Why Employee HR Background Check Matters?

Prevents Theft

One of the best ways to prevent employee theft is to hire trustworthy employees. This means potential screening candidates for a job with thorough background checks and reference checks. You cannot put your company’s valuable assets or sensitive data in the hands of people with a history of unethical behavior. Unfortunately, some employers don’t bother with background checks on rank-and-file employees. Employee theft costs businesses $60 to $120 billion per year. It contributes to 30 percent of all business failures. The average employee’s application contains inaccuracies and false information. In addition, 33% of job applicants lie about their employment chronologies or exaggerate their accomplishments. Using employee HR background checks to prevent theft is the best way to create a culture of accountability.

Establishes Risk Level

HR professionals must determine the risks associated with hiring employees based on the background information provided by the applicant. In this regard, they must consider the applicable state and federal laws and regulations. Moreover, they must set the criteria by which they decide whether to hire an applicant or not. Despite background checks’ potential benefits and liabilities, HR professionals must exercise extreme caution and follow FCRA guidelines when implementing such programs. They should also ensure that the programs incorporate an individualized assessment and targeted screening.

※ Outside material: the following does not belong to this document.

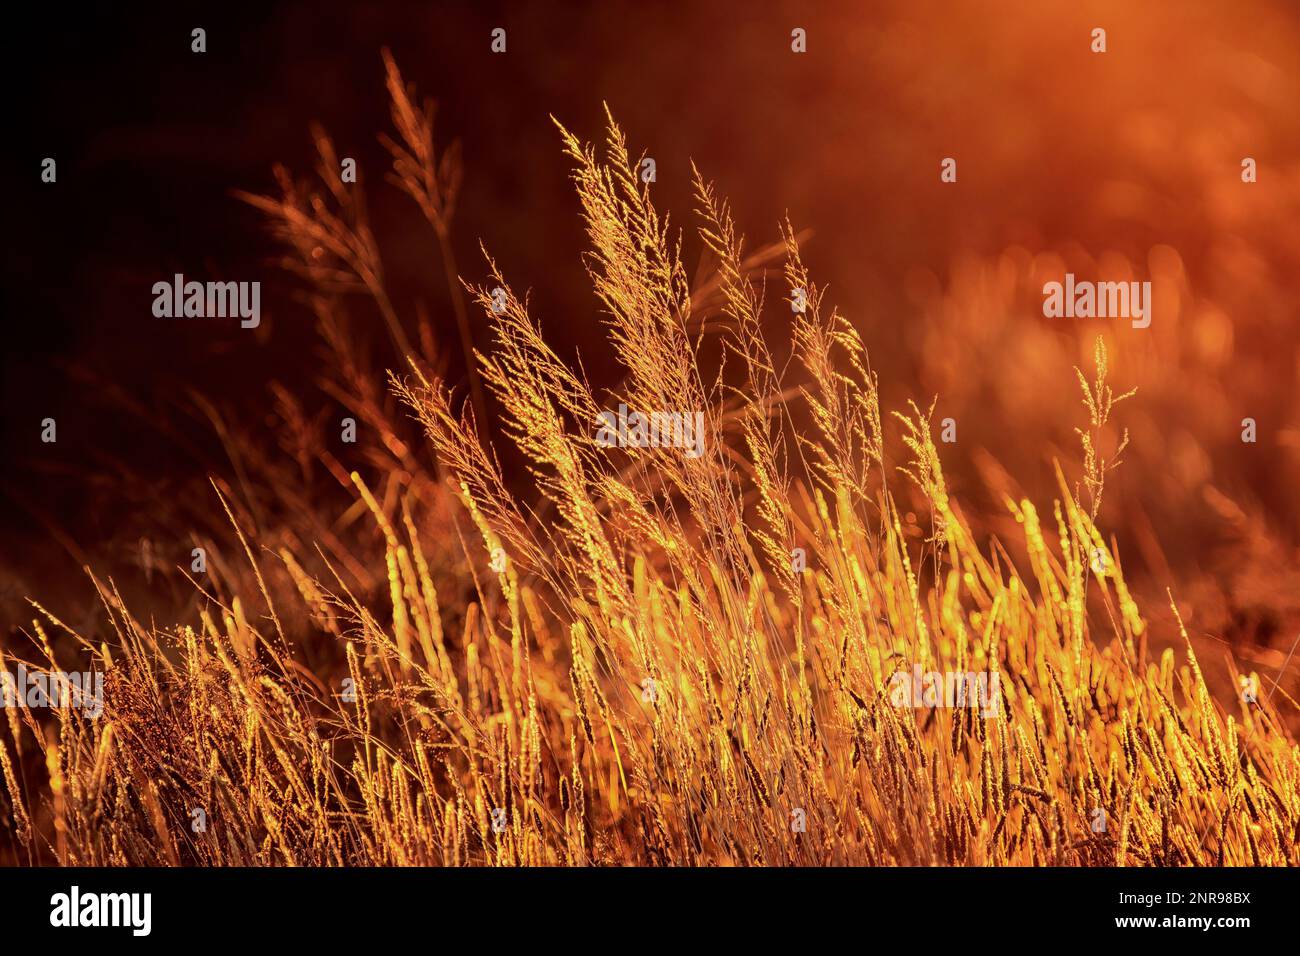 Goldenes Gras, das im warmen Licht des Sonnenaufgangs glüht Stockfoto

The primary purpose of an employee HR background check is to prevent hiring an employee with a past criminal record. It is a way for hiring managers to assess risk and prevent situations that might lead to sexual harassment, violence, and harassment in the workplace. Additionally, it protects them against damages claims resulting from such incidents. Similarly, a financial background check aims to determine the financial stability of a prospective hire. This information is sourced from recognized credit agencies. It is important to note that most countries have enacted laws and regulations regarding credit checks, requiring employers to conduct a credit check on potential hires before hiring them. This verification check assumes special significance when hiring senior-level finance and financial services employees.

Identifies Red Flags

Running an Employee HR background check can be an excellent way to ensure your future employees are eligible for your company. You should take the time to gather as much information as possible about any candidate and consider the background of their previous employers and political affiliation. By knowing this information, you will be better equipped to make an informed hiring decision.

You will also be able to avoid hiring someone with a history of violent crimes or minor criminal convictions. Although these aren’t usually deal-breakers, hiring someone with a criminal past is never a good idea. This is because it’s impossible to hide a criminal past from an employer. It’s also crucial to adhere to Equal Employment Opportunity guidelines to ensure that your hiring decisions are not based on the criminal records of your candidates.

It Avoids Discrimination 

It is essential to check references before making a hiring decision. Many employers have been red-handed for discrimination, especially against minority candidates. As such, it is essential to disclose that you will perform a reference check and focus on facts rather than prejudice. Moreover, only ask legally permissible questions. Also, rely on only one reference.

According to the Equal Employment Opportunity Commission (EEOC), employers cannot discriminate against one group over another based on their background. An employer’s background check policy should not exclude applicants because of their race or ethnic background.

It Is Required By Law

When running an employee HR background check, employers have some legal obligations. First, they cannot ask for extra information about an applicant or employee based on race or any prior discrimination complaint. They also can’t retaliate against someone for asserting their rights against discrimination. This includes participating in proceedings under federal laws enforced by the Equal Employment Opportunity Commission. However, employers can ask for limited medical information after making a job offer or after the employee has started work.

In addition, employers can’t require applicants to disclose criminal records before the initial interview unless they hire more than 15 employees. They cannot also request information on bankruptcies or arrests with judgment dates older than seven years. 

It Doesn’t Reveal Criminal Convictions.

Human resources professionals have access to sensitive information about both candidates and employees. When conducting an employee HR background check, these personnel must seek the applicant’s consent before divulging their criminal history. They may only share information about convictions or arrests with co-workers entrusted with the task of workforce planning or recruitment. However, there are some situations when it is necessary to reveal this information. A person’s criminal history does not disqualify them for federal employment. For instance, a DUI conviction won’t necessarily disqualify you from being hired by a federal government agency.